* Exercise description *
Would you please print exactly the lines that run from the one with "Refrigerador French Door" to the last line of the data, both included, without any pictures?

* Data section *
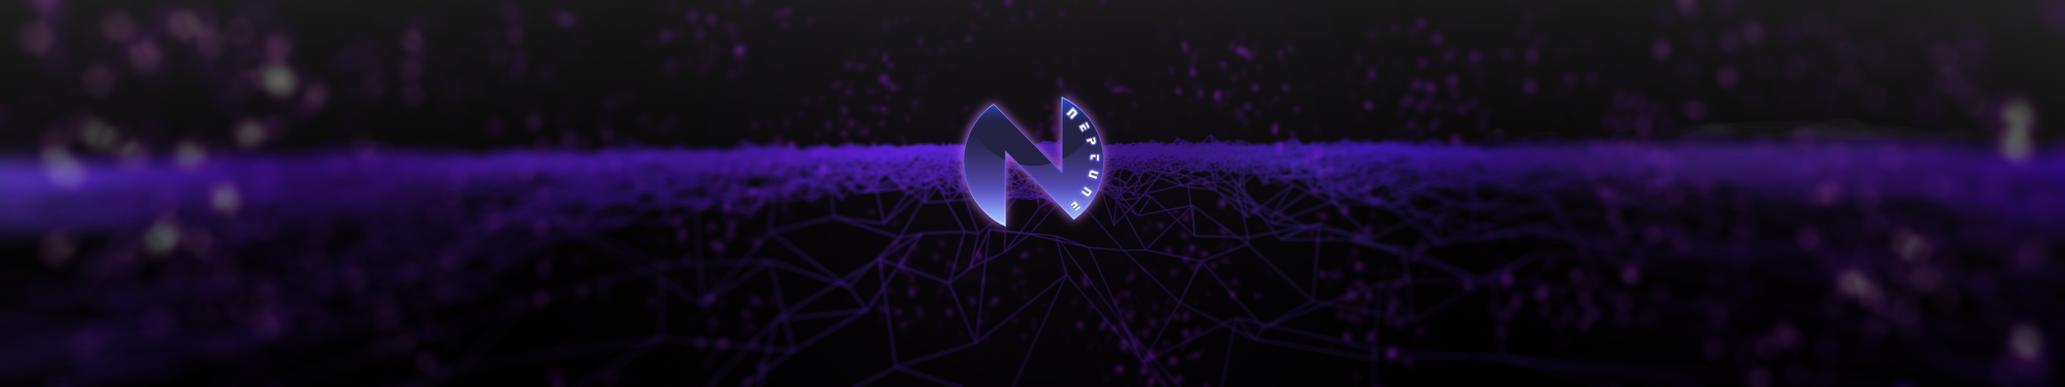 Hyperdimension Neptunia Wallpaper by halomademeapc
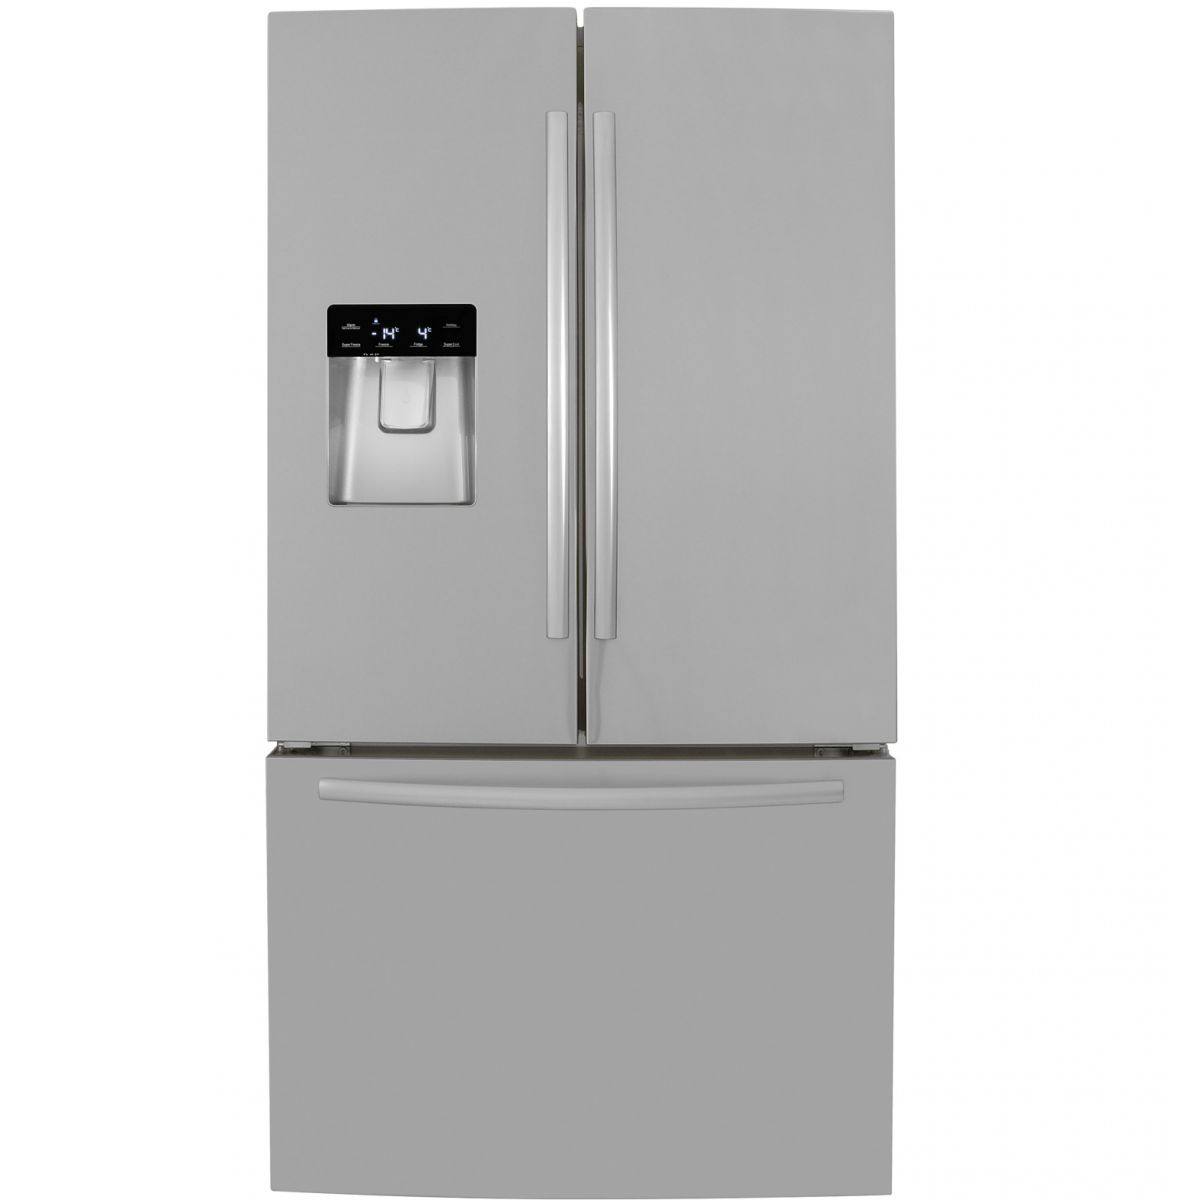 Refrigerador French Door FD 600 X2 531L Elettromec
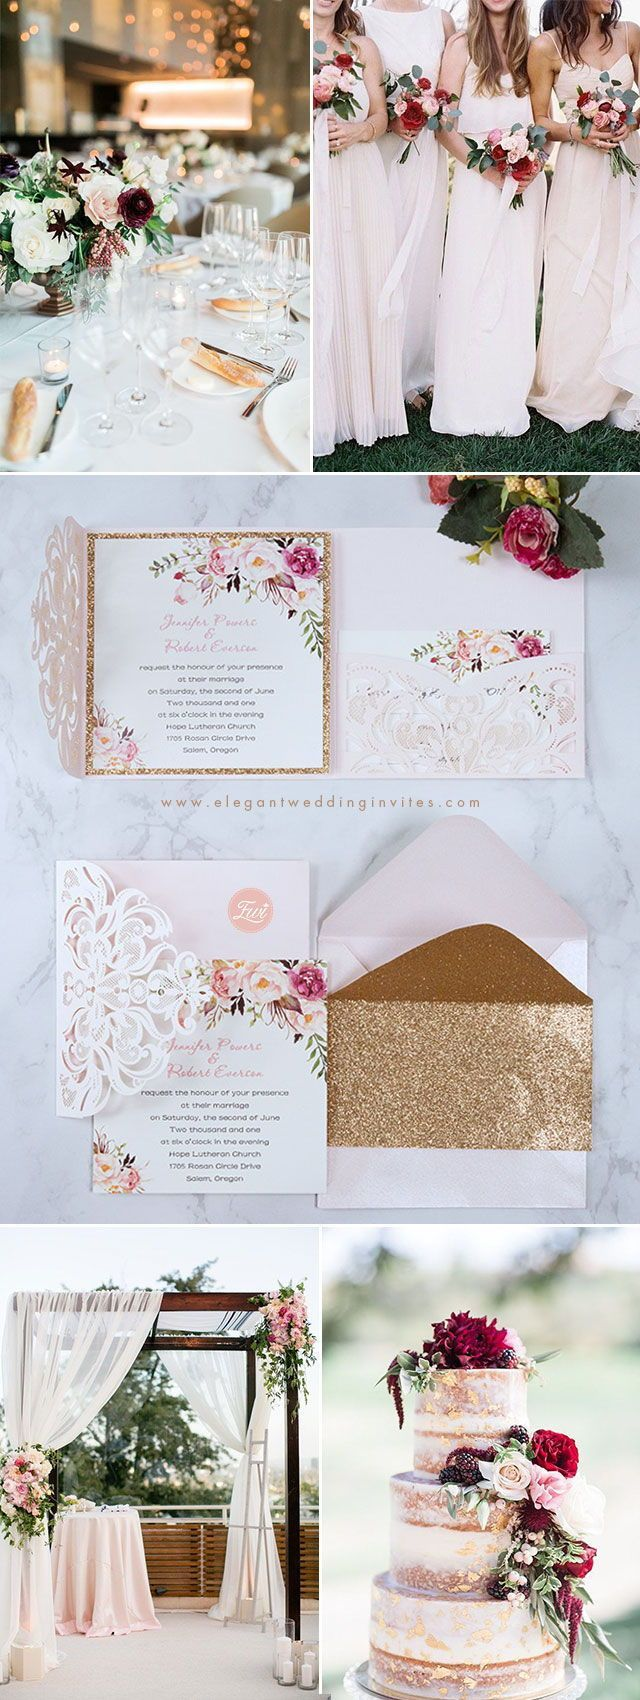 pocket wedding invitation templates%0A Fancy Blush Pink and Gold Floral Laser Cut Pocket Wedding Invitations  EWWS

* Task answer *
 Refrigerador French Door FD 600 X2 531L Elettromec
 pocket wedding invitation templates%0A Fancy Blush Pink and Gold Floral Laser Cut Pocket Wedding Invitations  EWWS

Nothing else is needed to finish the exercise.